Interesting article in the New York Times about the ages of successful startup founders, as you can imagine it caught my interest.
Unlike my previous startup in the late 90s (a small half dozen person consulting firm that made people money but didn't otherwise go anywhere), we have had to recruit and find people in a situation where our money is tight and a steady revenue was not expected for some time. Hopefully it is sooner now that we've launched, but our beta is free for recruiters right now.
Talking to local developers especially, it is very difficult to get someone who is experienced, skilled, and willing to jump out of a job with a nice cushy salary to take a chance on a startup. Often they have mortgages, families, are starting to use their medical benefits more often, and if they've been at the same company for more than five years they've built up a lot of skills that are purely useful in navigating the structure and politics of that company.
Someone moving from Microsoft to Google, or Amazon to Microsoft, etc. is not nearly as big of a transition. They're all big, successful companies that are developer-oriented. All have great benefits, all will pay competitive salaries, and all have very interesting problems to work on.

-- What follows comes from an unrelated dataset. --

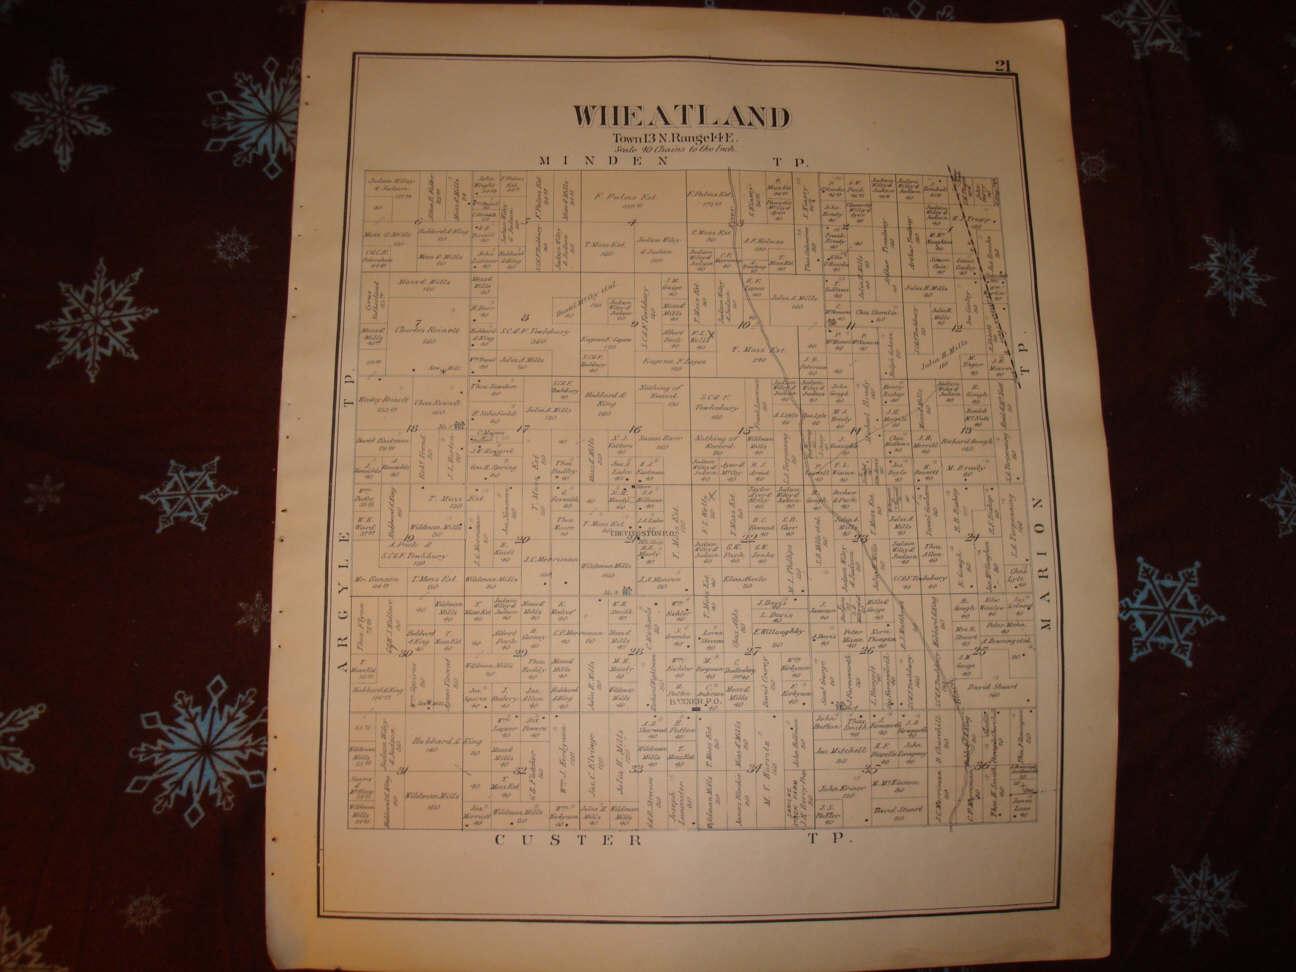 WHEATLAND TOWNSHIP SANILAC COUNTY MICHIGAN ANTIQUE MAP | eBay on erie county plat map, jackson county plat map, fulton county plat map, huron county plat map, okfuskee county plat map, saginaw county plat map, yellow medicine county plat map, kalkaska county plat map, lenawee county plat map, grant county plat map, cambria county plat map, somerset county plat map, union county plat map, gaines county plat map, lake county plat map, grand traverse county plat map, camden county plat map, ida county plat map, st clair county plat map, clayton county plat map,

Enter a startup. We went to a University of Washington career fair last fall to recruit, and our pitch was: We can't tell you what we're doing or in what field or anything specific about the problems, but we have big interesting problems to work on and we promise it will be fun. Also, we can't pay well but equity is part of our compensation package. Uh, and no benefits yet.
The amazing thing is we got someone (Lincoln Ritter, the top notch developer who has damn near single handedly built a professional web UI from a sort-of working ugly skeleton I had built from scratch before he joined us) and he's turned out even better than the high expectations we had for him. But it isn't an easy sell, and you know that the people who join are taking a big risk doing so.

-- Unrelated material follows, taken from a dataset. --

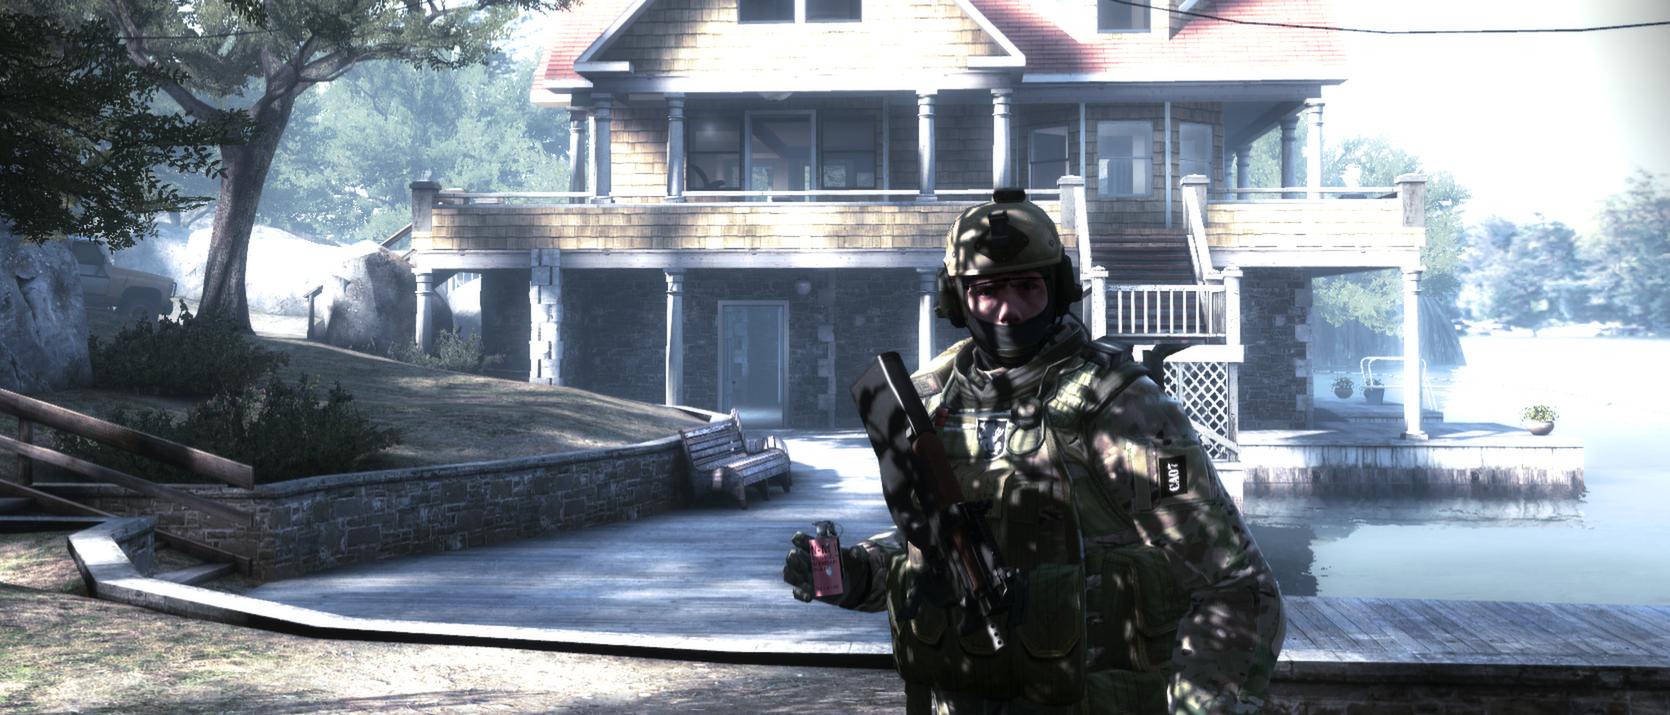 Image - Csgo screenshot5.jpg Counter Strike Online Wiki Fand

But Lincoln had just finished his Masters and was starting his PhD program and felt like he was in a perfect place in his life to take the chance on a startup. What about senior programmers who had a cushy deal at a large company? The sell is much harder, and in a way you figure that the majority of people working at big companies are already self-selected to be more risk-averse.
They're in a big, safe company. Chances are they wanted to be there and at least part of the reason was because they didn't want the ups and downs of startups, free-lance consulting, or small companies.
So why are so many more successful startup people young? There's less downside and more upside for them, and I think that's a big part of it. Another thing is that they don't have some bad experiences that have told them stuff isn't possible, when really it is just hard or not possible in the situation it was tried. That doesn't mean they'll succeed, but they will try. You can't succeed without trying, and if enough young people try some of them will succeed, and some will succeed huge ala Microsoft, Apple, Google, etc.